◆ Description of the task ◆
Copy nothing from the entries below except the lines from the one containing "Floral Elephant Shoes" through the one containing "Dextrus Modern Tv", and copy those exactly.

◆ Data extracts ◆
————

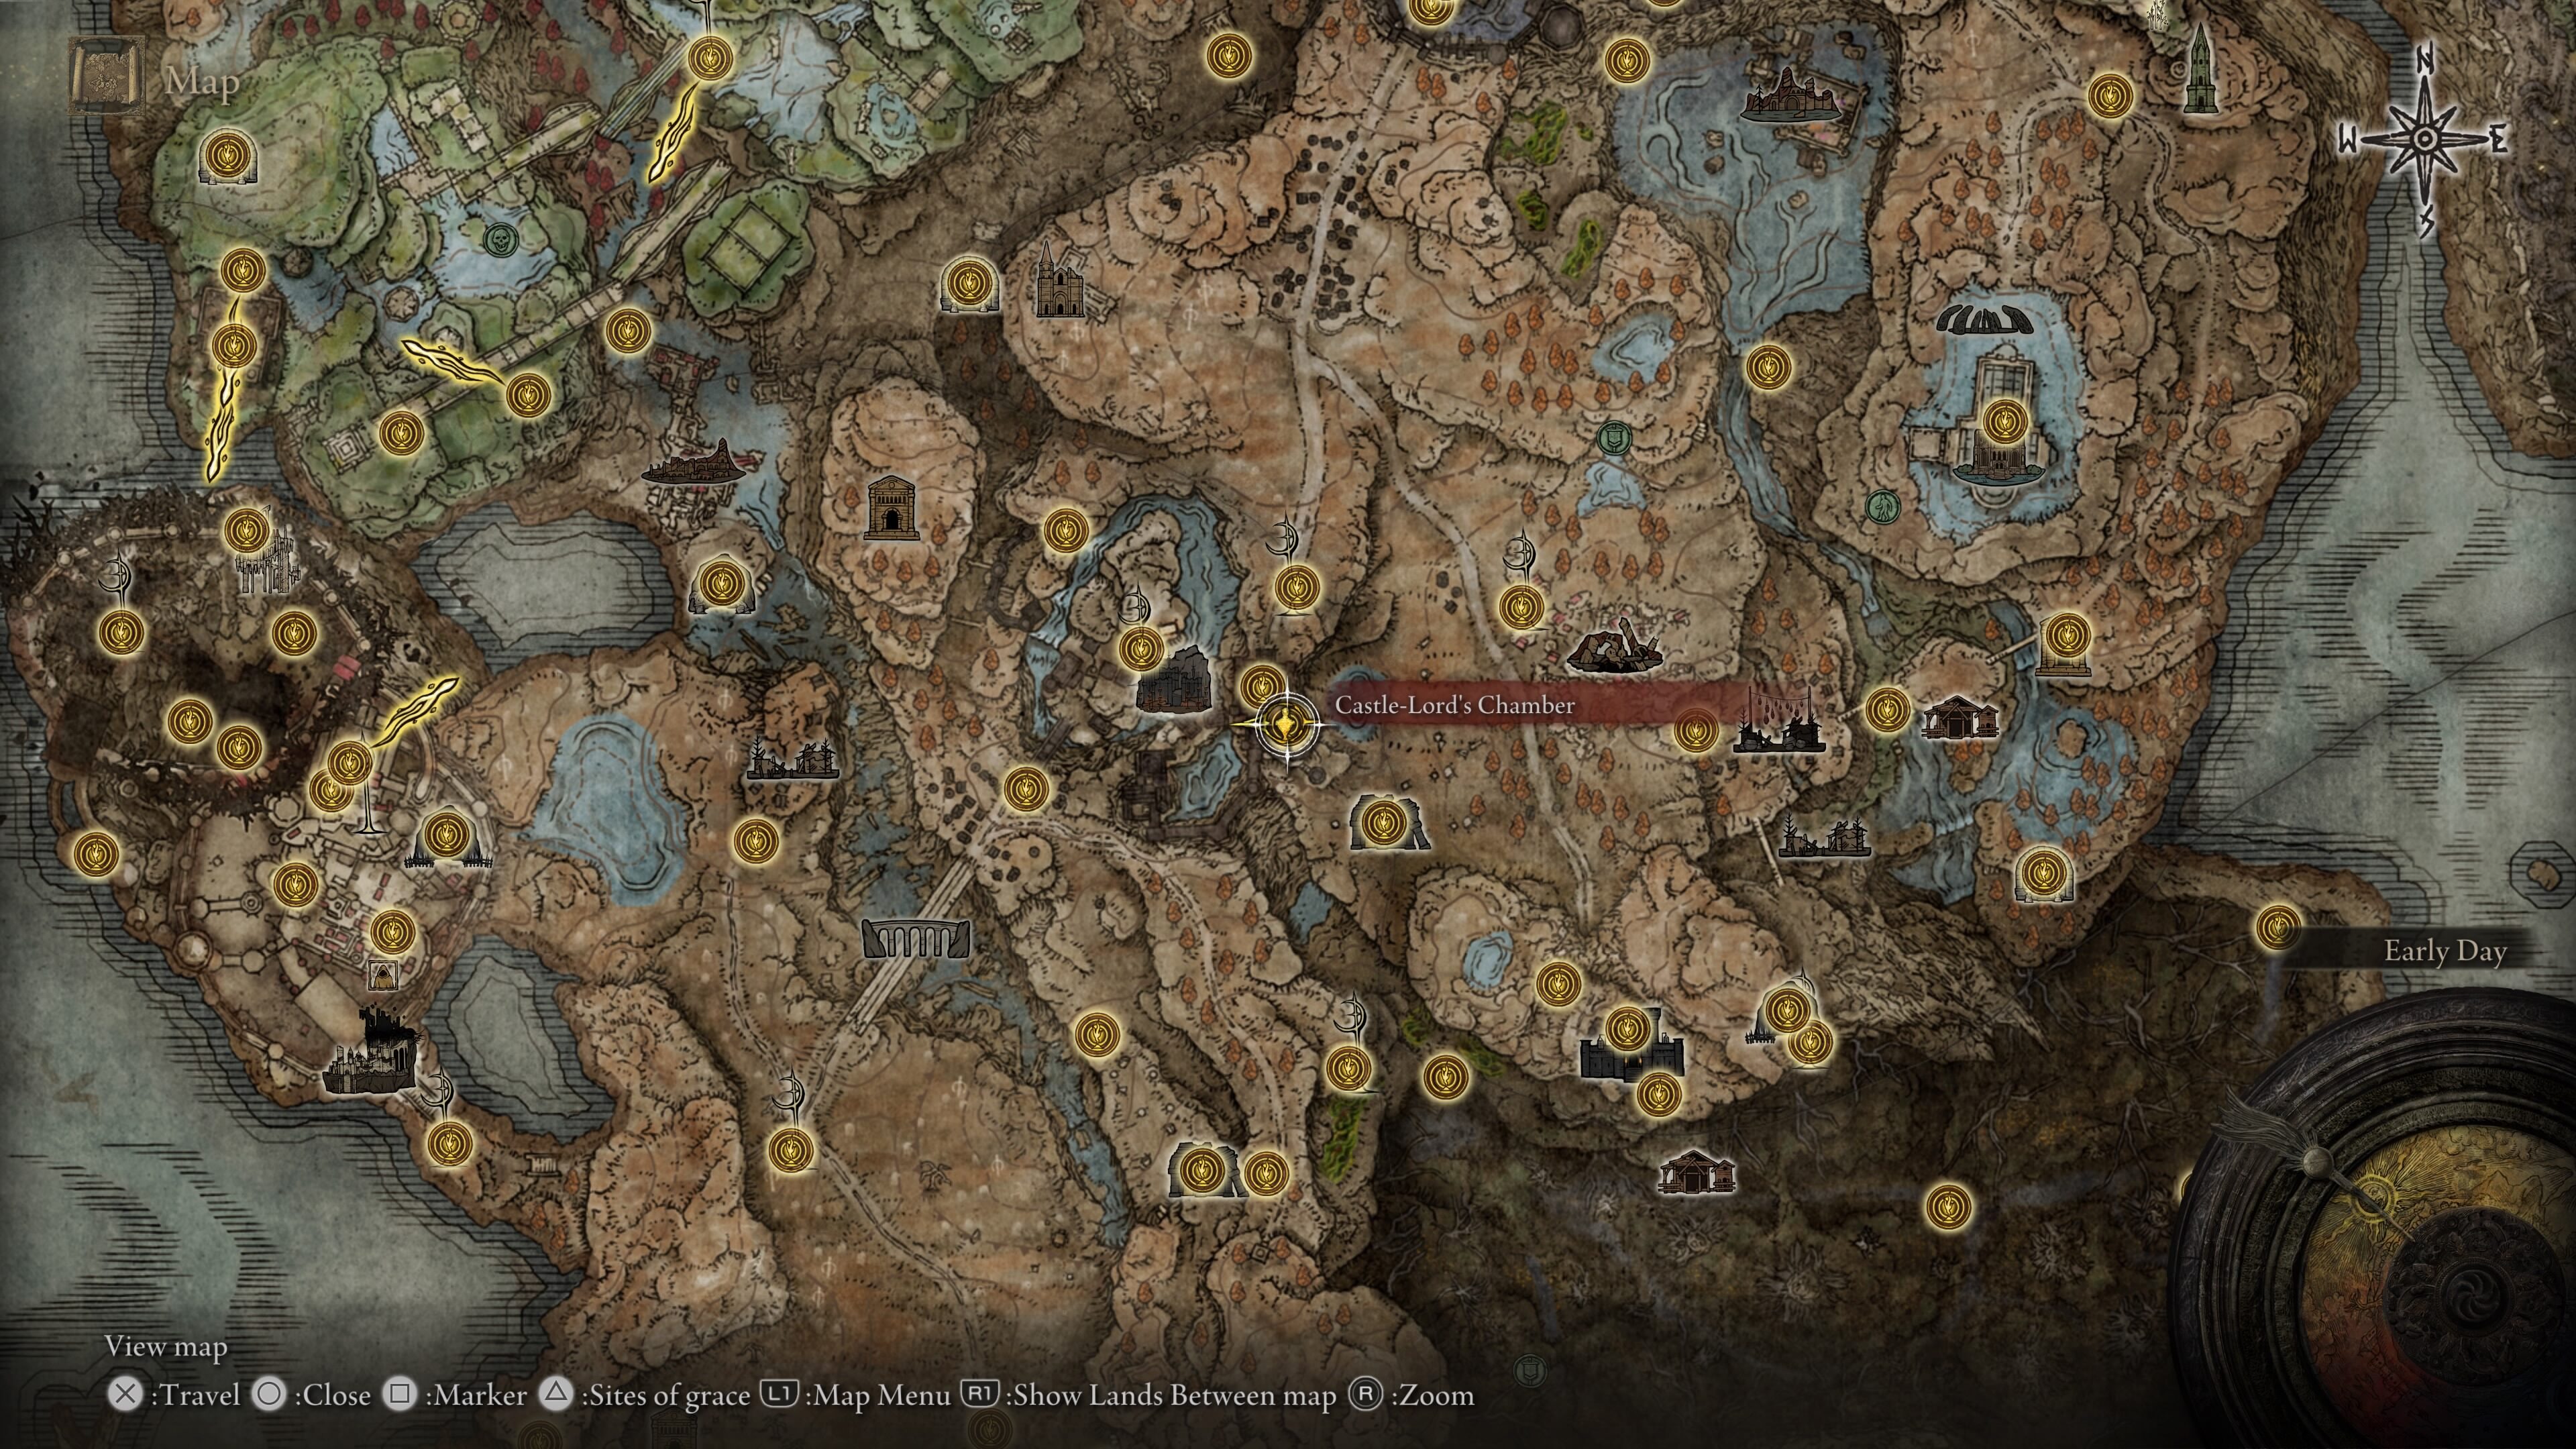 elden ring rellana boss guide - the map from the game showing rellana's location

————

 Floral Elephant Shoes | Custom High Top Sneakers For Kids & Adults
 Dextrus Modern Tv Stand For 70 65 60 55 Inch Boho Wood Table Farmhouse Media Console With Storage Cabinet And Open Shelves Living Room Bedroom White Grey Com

————

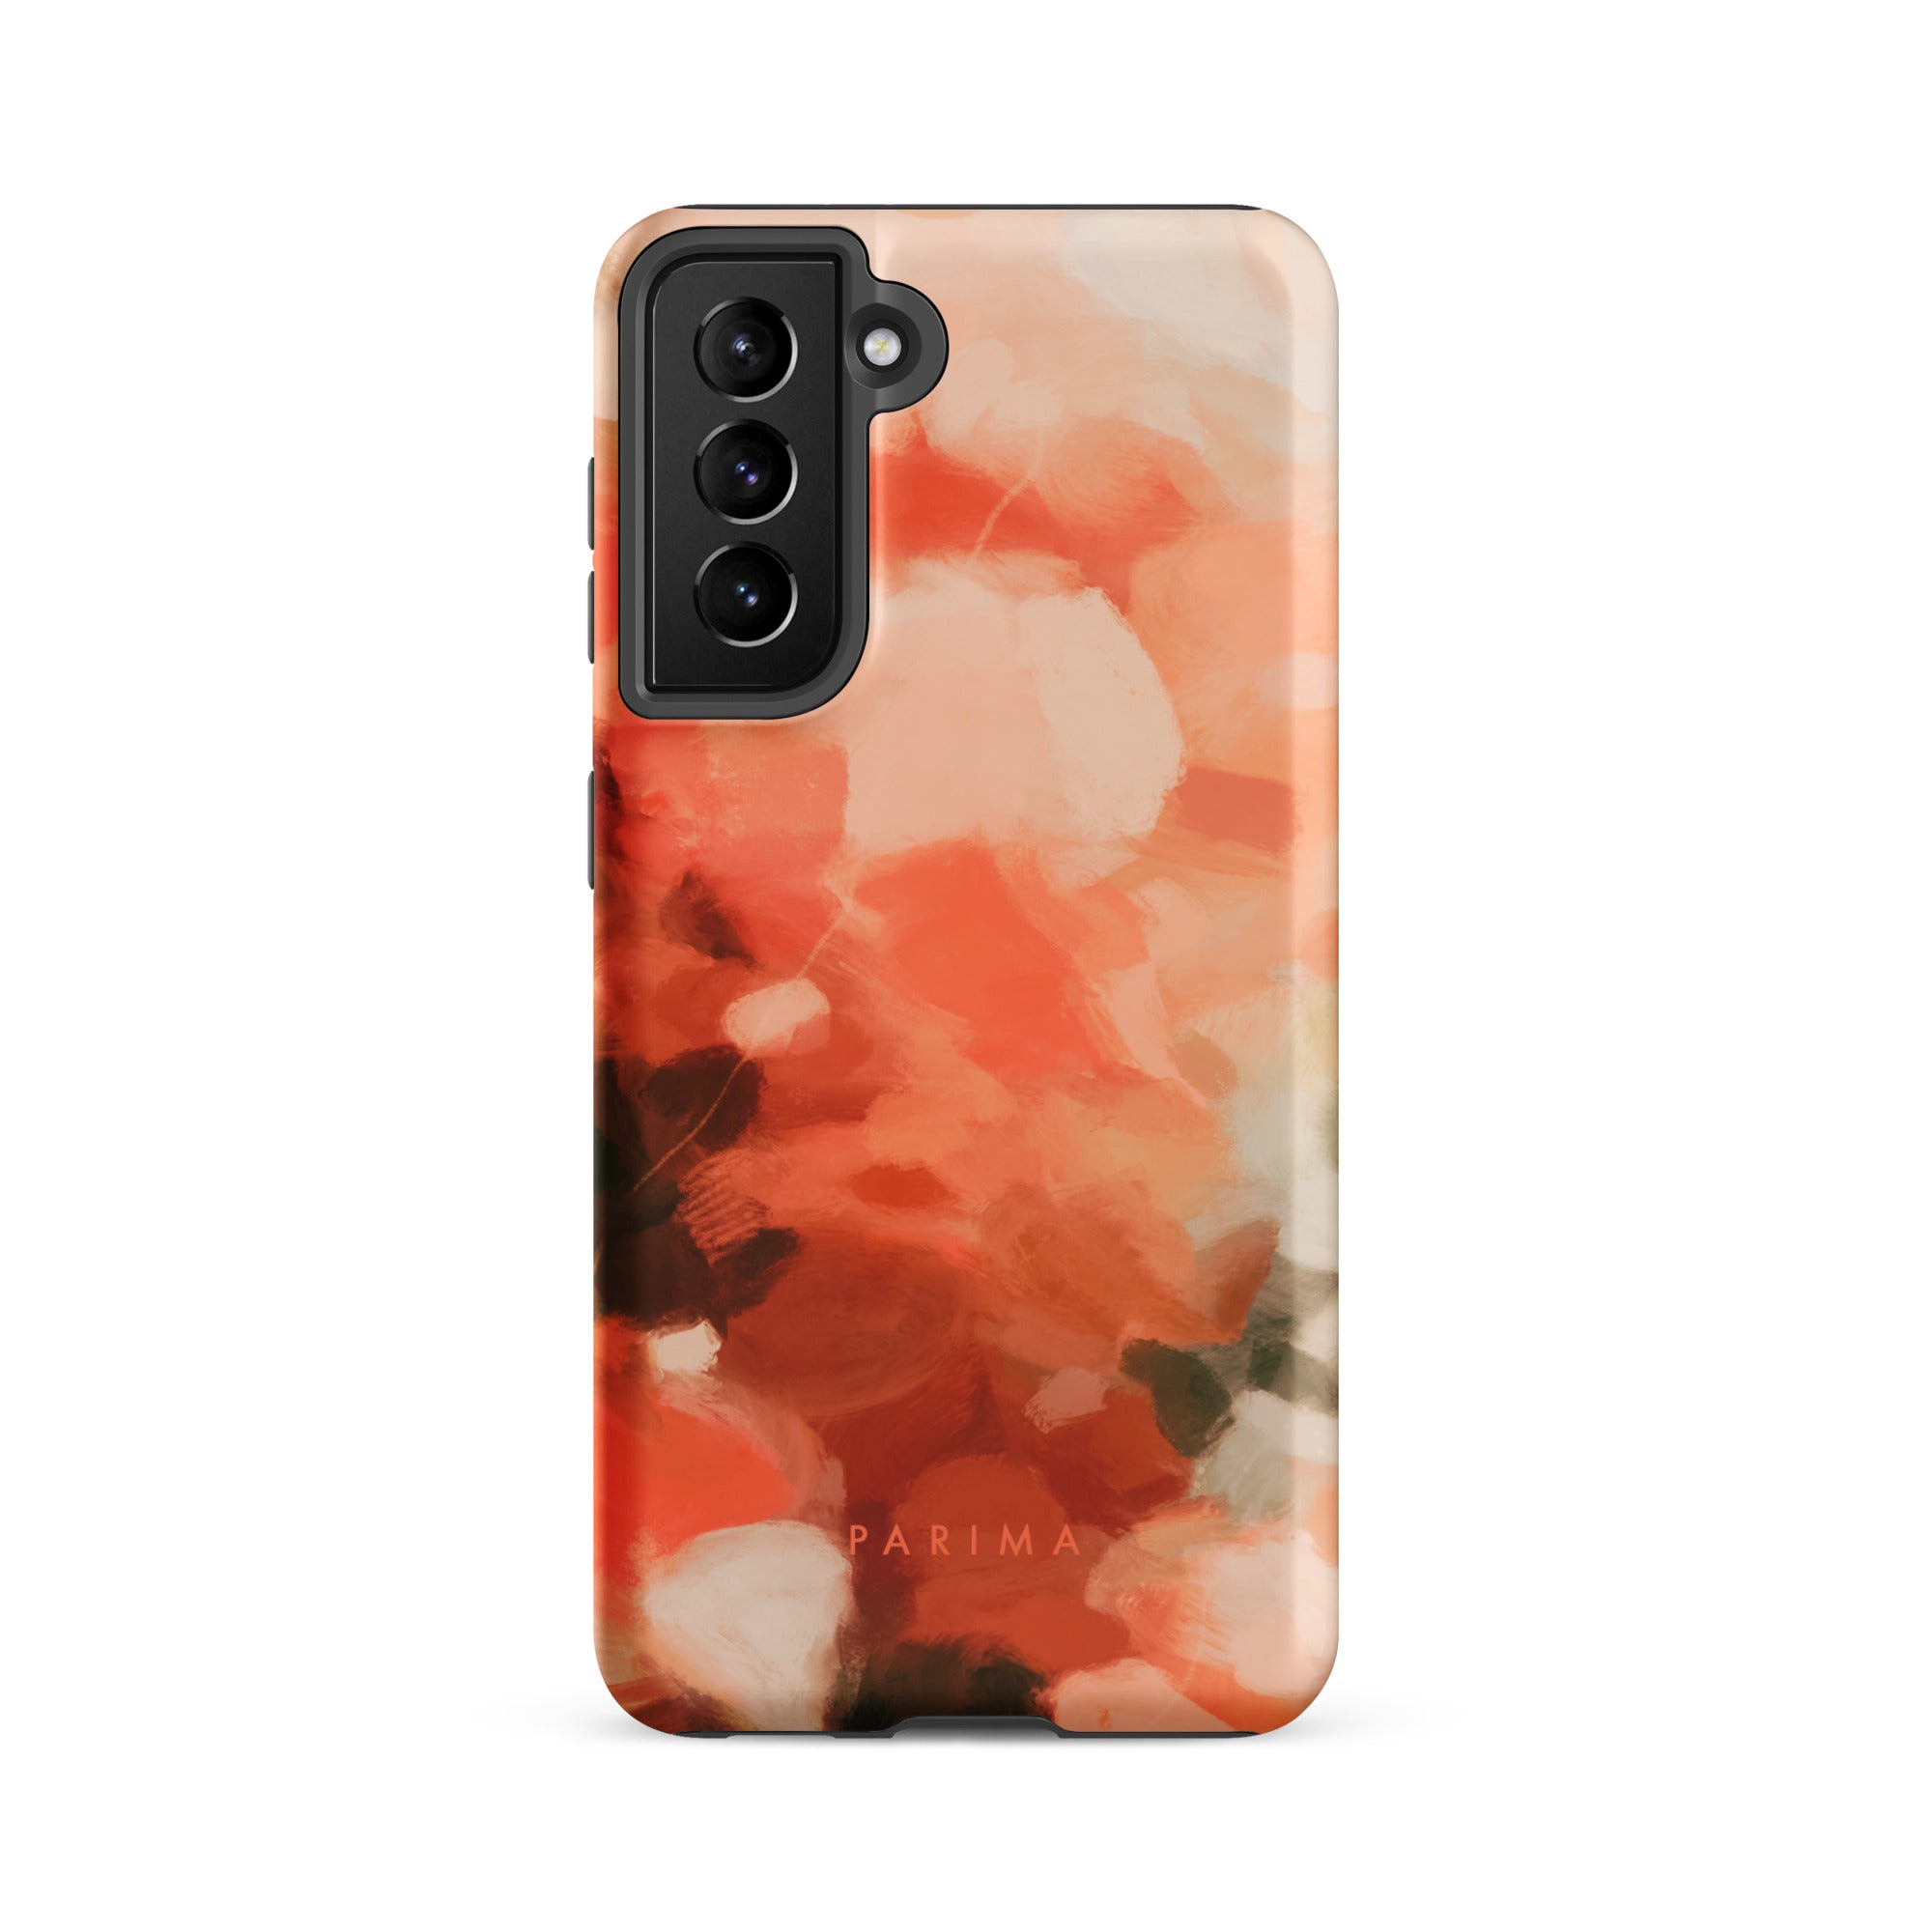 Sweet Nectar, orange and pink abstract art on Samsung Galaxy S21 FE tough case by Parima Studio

————

◆ Output ◆
 Floral Elephant Shoes | Custom High Top Sneakers For Kids & Adults
 Dextrus Modern Tv Stand For 70 65 60 55 Inch Boho Wood Table Farmhouse Media Console With Storage Cabinet And Open Shelves Living Room Bedroom White Grey Com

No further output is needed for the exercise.